This is the 5-minute walkthrough from "never heard of ActionScope" to "I just found a CRITICAL finding in my own repo." No AWS credentials needed for the static-analysis path.

1. Install

pip install actionscope

That's it. Python 3.10+ required. No external services; the install is a single Python package.

If you want the optional --aws-verify mode that makes read-only AWS IAM API calls, install with the aws extra:

pip install "actionscope[aws]"

You can do this later — the static-analysis path works without it.

2. Pick a repository to scan

You have three options, from fastest to most realistic:

cd /path/to/your/repo-with-github-actions
actionscope scan .

This is the most useful — ActionScope only takes 1–2 seconds on a repo of any size, so it costs you nothing to try.

git clone https://github.com/r12habh/ActionScope
cd ActionScope
actionscope scan tests/fixtures/coverage_repo

The bundled coverage_repo is a small synthetic repository designed to trigger every detector. Best for understanding what ActionScope can find before you point it at your own code.

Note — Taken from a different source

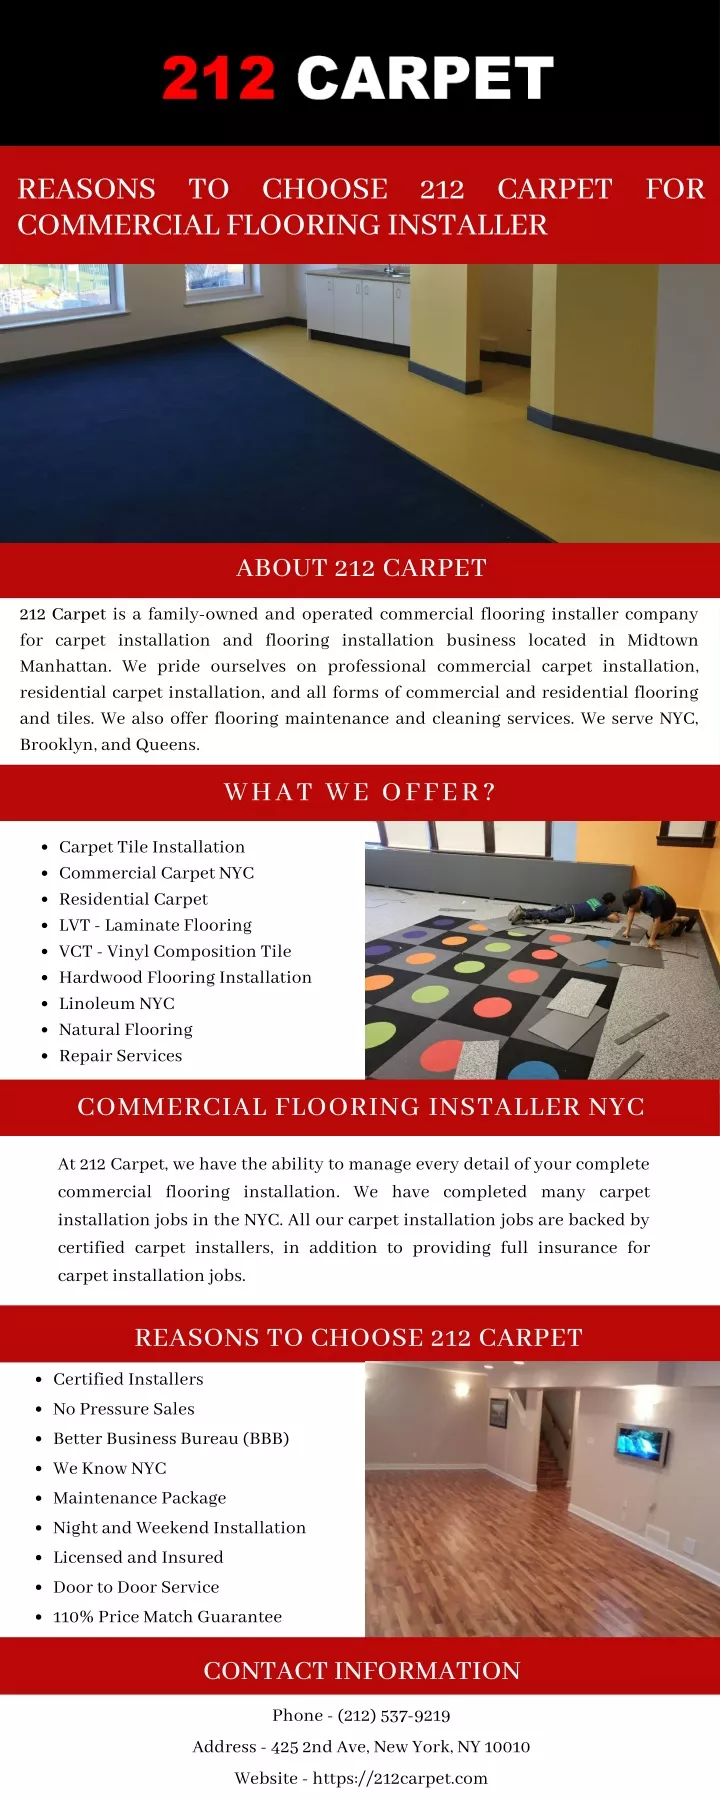 reasons to choose 212 carpet for commercial

Pick any public repo that uses aws-actions/configure-aws-credentials. Clone it and scan:

git clone <repo-url>
cd <repo>
actionscope scan .

The GitHub Code Search query finds thousands.

3. Read the output

This is what scanning the bundled coverage_repo fixture produces. Your own repo's output will be smaller — coverage_repo is deliberately overloaded to demonstrate every detector at once.

The header

╭──────────────────────────────────────────────────────────────────╮
│  ActionScope — Blast Radius Report                               │
│  Path: ./tests/fixtures/coverage_repo                            │
│  Workflows: 6 | Credential Sources: 2                            │
│  Overall Risk: 🔴 CRITICAL                                        │
╰──────────────────────────────────────────────────────────────────╯
  • Workflows: how many .yml files in .github/workflows/ produced at least one finding
  • Credential Sources: how many aws-actions/configure-aws-credentials steps ActionScope found
  • Overall Risk: the maximum severity across every detector. Drives exit codes when --fail-on is set

Known-compromised actions

⛔ KNOWN COMPROMISED ACTIONS (1 found)

⛔ CRITICAL: actions-cool/issues-helper@v3
   Workflow: triage.yml → triage → Compromised helper
   Status: Compromised 2026-05-18T19:10:24Z — documented supply-chain compromise
   Impact: Mutable tags may run credential-stealing code in this job
   Fix:    Remove this action OR pin to a verified pre-compromise SHA
   Advisory: https://www.stepsecurity.io/blog/...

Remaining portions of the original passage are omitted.